Change tracking¶

What you'll learn: how japes implements @Filter(Added) and @Filter(Changed) efficiently enough that observer systems scale with the number of dirty entities, not the number of total entities. We'll cover the per-component ChangeTracker, the dirty bitmap and dirty list it maintains, the per-system lastSeenTick watermark, why strict-> comparisons against that watermark are correct, and the tick-0 "untracked" sentinel. Source of truth is ecs-core/.../change/ChangeTracker.java (~210 lines) and the change-filter path in SystemExecutionPlan.processChunk (lines ~227–270).

What the user wrote, and what has to happen¶

Here's the user-facing API:

@System(stage = "PostUpdate")
@Filter(value = Changed.class, target = Health.class)
void observe(@Read Health h) {
    // react to mutated health values
}

The contract is: on every tick, this method runs exactly once per entity whose Health component was mutated since the last time the method ran. No duplicate invocations per mutation, no missed invocations if the user wrote the same entity twice, no re-running for entities that were merely iterated past. And critically: the method should run in O(dirty) time, not O(entities-with-Health).

Cost model on the realistic multi-observer tick, for 100 dirty entities per tick at 100k total:

japes / Zay-ES: dirty-list skip — O(K) where K is dirty count. Scales ~1.3× from 10k → 100k.
Bevy: full archetype scan with Changed<T> — O(N). Scales ~9× over the same range.
Dominion / Artemis: no built-in change detection, full scan at the user level — O(N).

japes wins this benchmark because the library maintains a dirty-per-component data structure and exposes a sparse iteration path that consumes it without rebuilding the query.

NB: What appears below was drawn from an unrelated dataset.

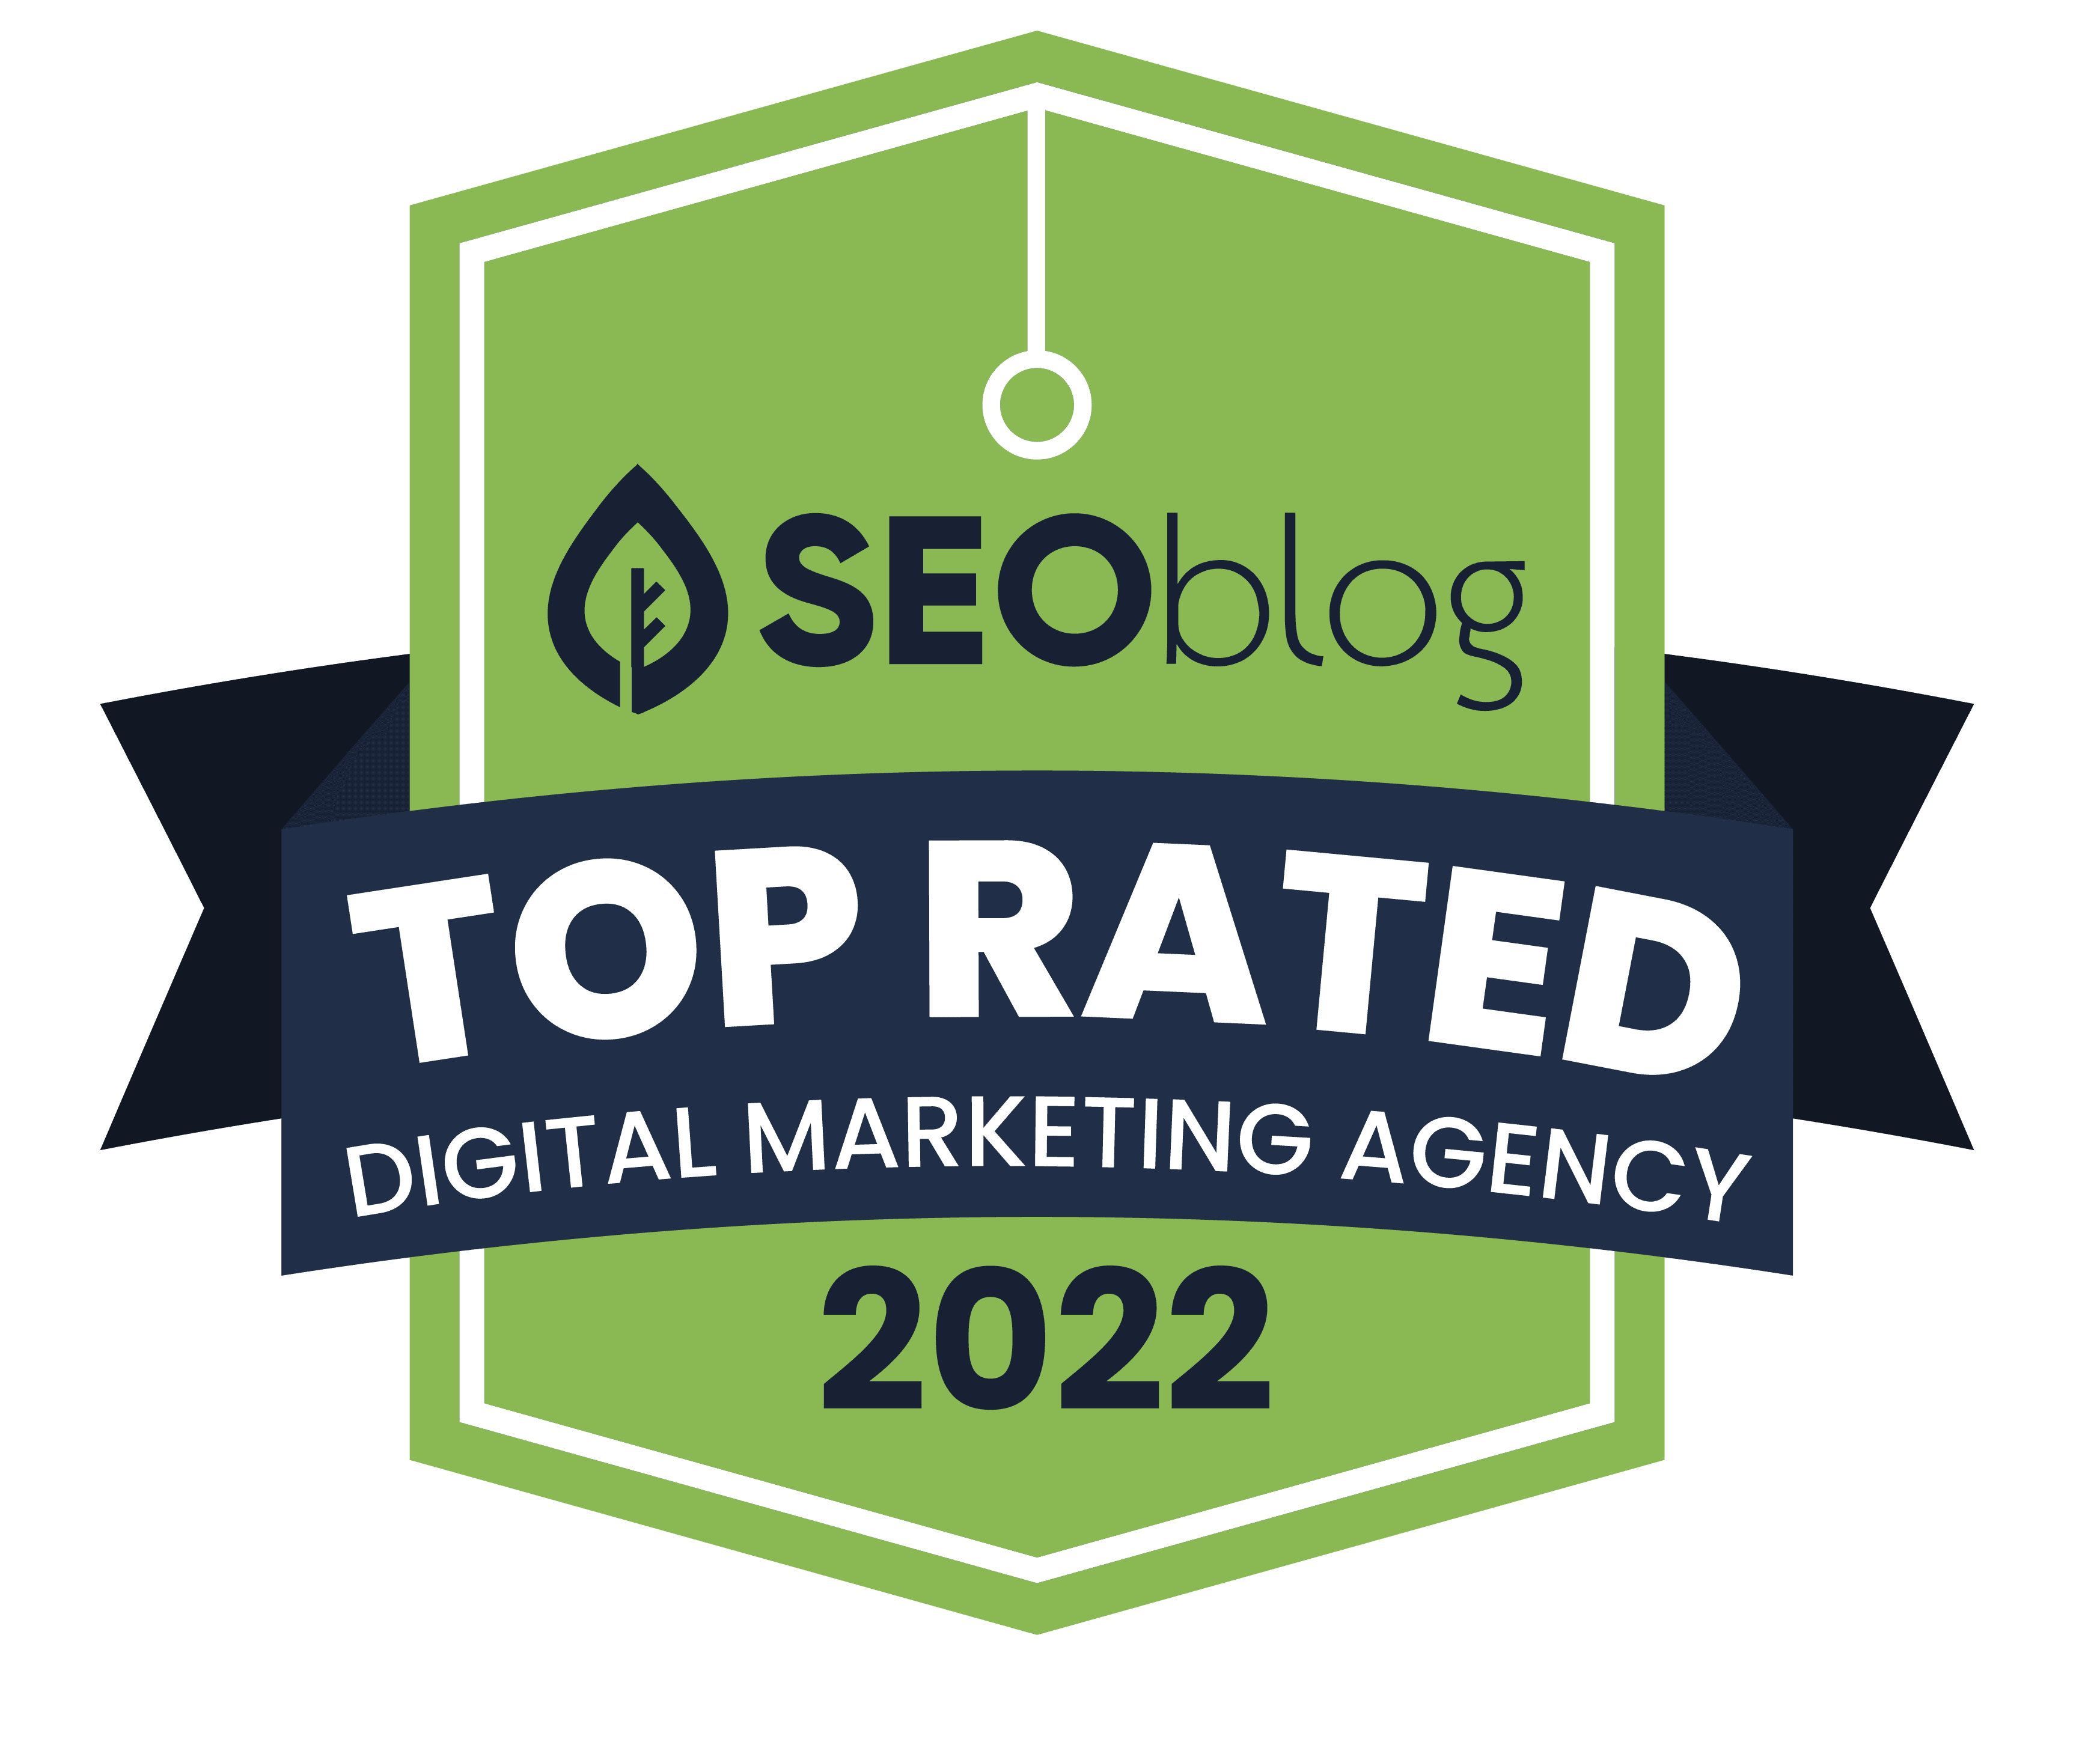 Top Rated Digital Marketing Agency by SEOblog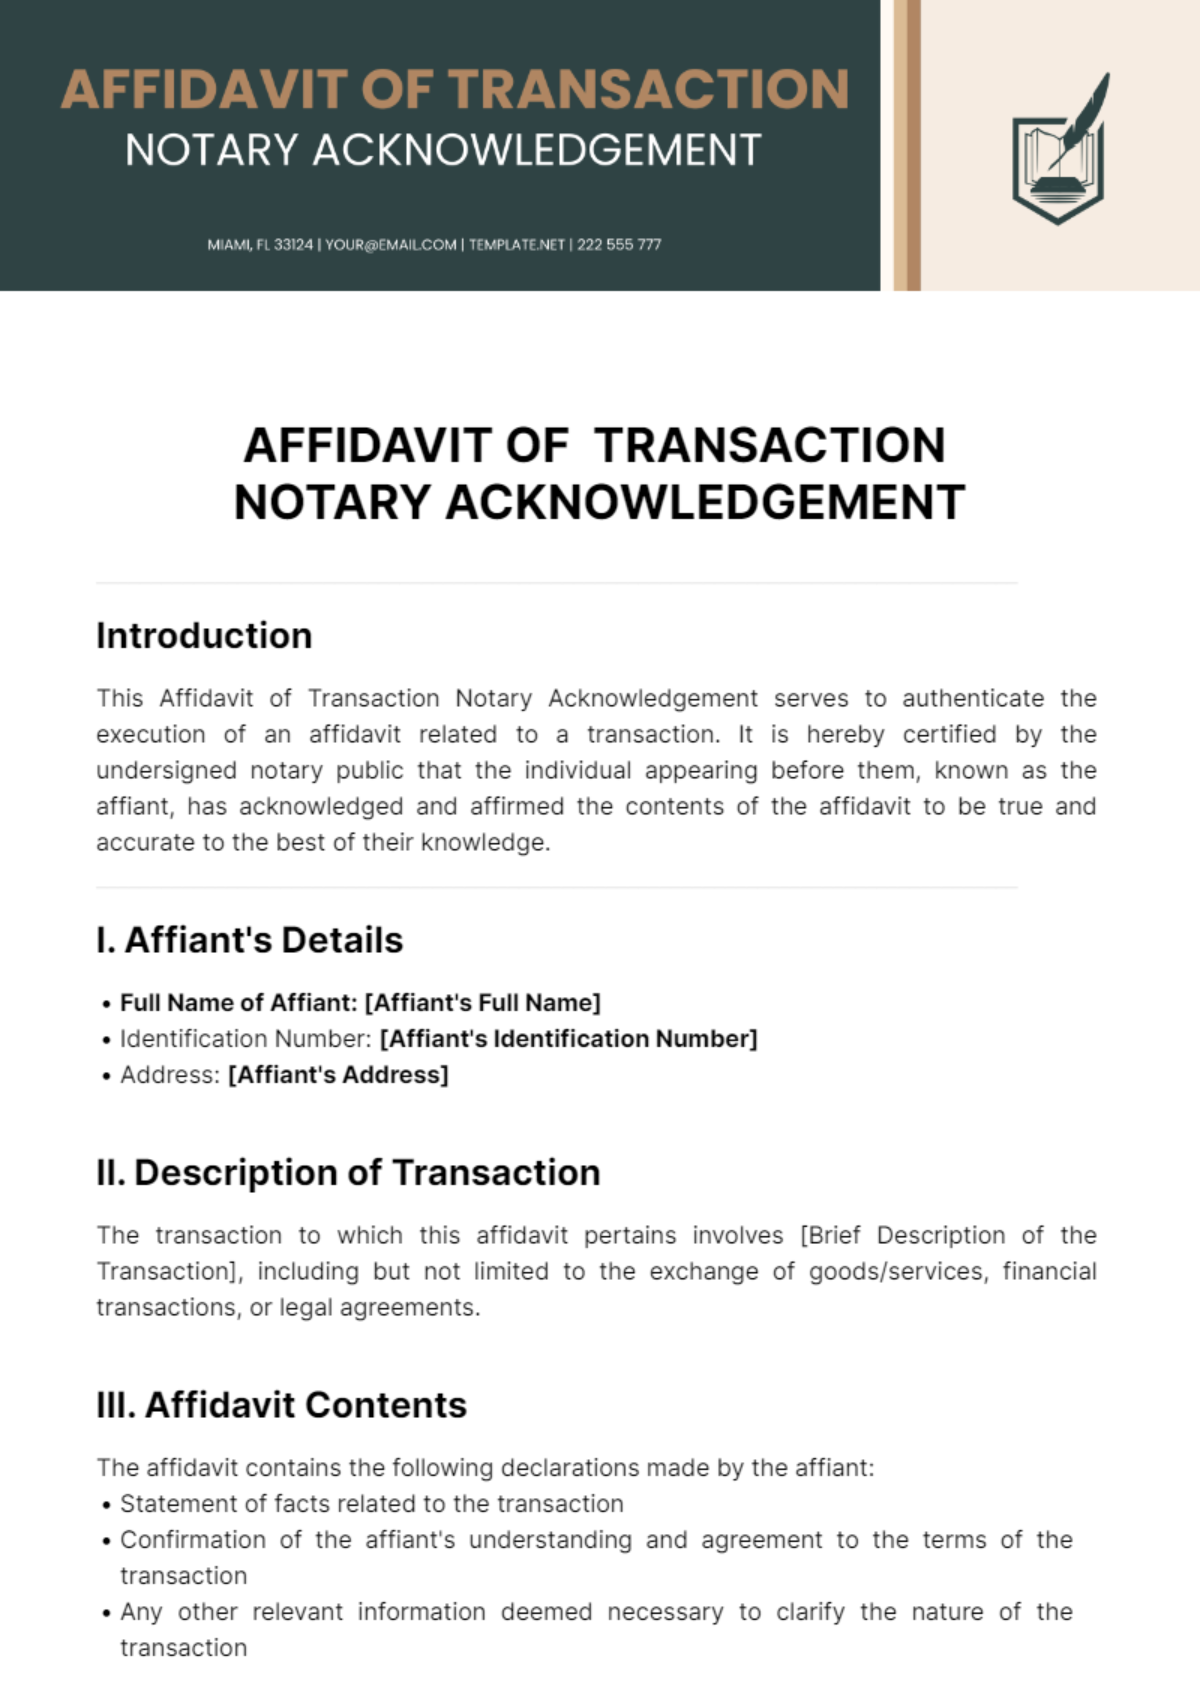 Free Affidavit Of Transaction Notary Acknowledgement Template

Per-component `ChangeTracker` per chunk¶

Every chunk carries one ChangeTracker per component type the chunk owns. It is allocated in Chunk's constructor (Chunk.java lines ~54–68). Its fields:

private final long[] addedTicks;     // per-slot
private final long[] changedTicks;   // per-slot
private final long[] dirtyBits;      // per-slot membership bitmap
private int[] dirtyList;             // per-slot, insertion order
private int dirtyCount;
private boolean dirtyTracked = false;
private boolean fullyUntracked = false;

Four ideas live on top of this layout.

Added and Changed are independent. A newly-spawned entity has its addedTick stamped but not its changedTick. This matches Bevy's semantics: @Filter(Added) sees spawns once, @Filter(Changed) does not see spawns unless the entity is subsequently mutated. See the comment at markAdded (line ~95):

Intentionally not updating changedTicks: 'added' and 'changed' are independent in Bevy-style change detection. Newly spawned entities are observable via @Filter(Added) but not @Filter(Changed) until something actually mutates them.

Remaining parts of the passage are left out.